The Australian Department of Health is reviewing the research priorities of the A$20 billion Medical Research Future Fund, with 250 submissions made to a consultation on the subject.

In the consultation, which ended earlier in October, industry bodies and researchers were invited to propose fields of work for the fund and give other feedback on its operation. The Association of Australian Medical Research Institutes made a submission but will not make it public until after the review is completed.

A report proposing the fund’s 2020-22 research priorities is due to be tabled in parliament by 6 November. The department is also conducting a separate review of the way the outcomes of research supported by the fund are evaluated.

In July, the fund reached its A$20bn target after five years of operation. It has already disbursed A$1.1bn to grant recipients in a framework that allocates funds to research based on six “platforms”. It expects to distribute A$5bn over the next 10 years.

Those platforms include trials and translation of research into available therapies; health services and systems; and commercialisation activities. The fund currently supports 12 priorities under the six platforms, including global health challenges such as pandemics, ageing, Aboriginal and Torres Strait Island health and repurposing existing drugs. The fund’s grants are more outcome-directed than those from the National Health and Medical Research Council.
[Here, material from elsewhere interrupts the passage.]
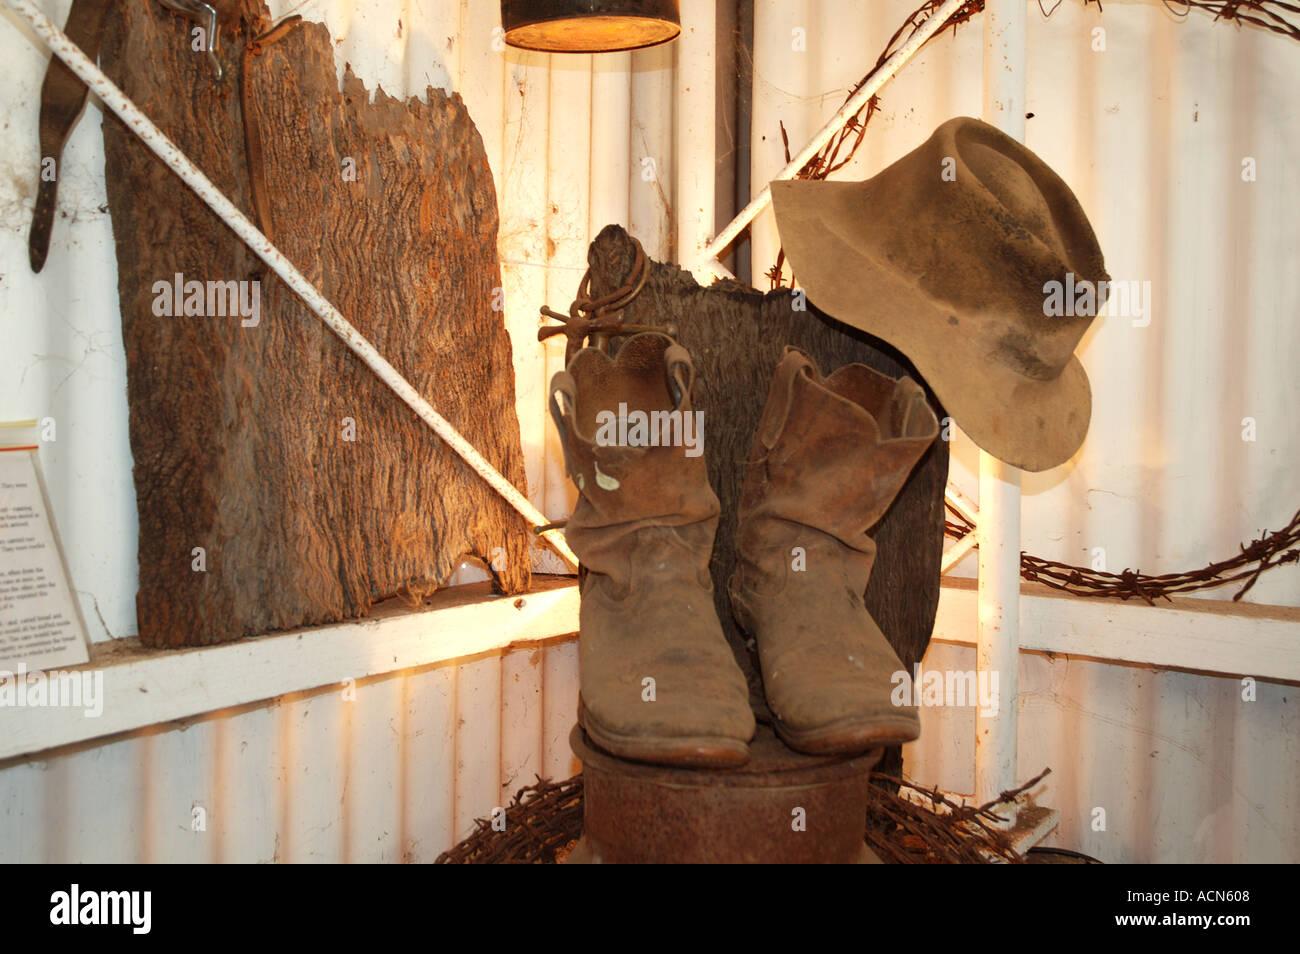 Vecchio episteme hat e R M Williams stivali outback Australia dsc 2363 Immagini Stock

Existing grants from the fund include A$2.5 million for endometriosis research, A$25m for work on juvenile diabetes, A$10m for dementia research and a A$35m project seeking a vaccine for rheumatic heart disease, under the Indigenous health category.

A separate five-year “investment plan” for the future fund, mandated by the federal government, requires the fund to focus on patients, researchers, dedicated “research missions” and putting research into practice.

The Australian Medical Research Advisory Board, which sets the fund’s direction, is also due to produce a five-year strategy for the nation’s overall medical research next year.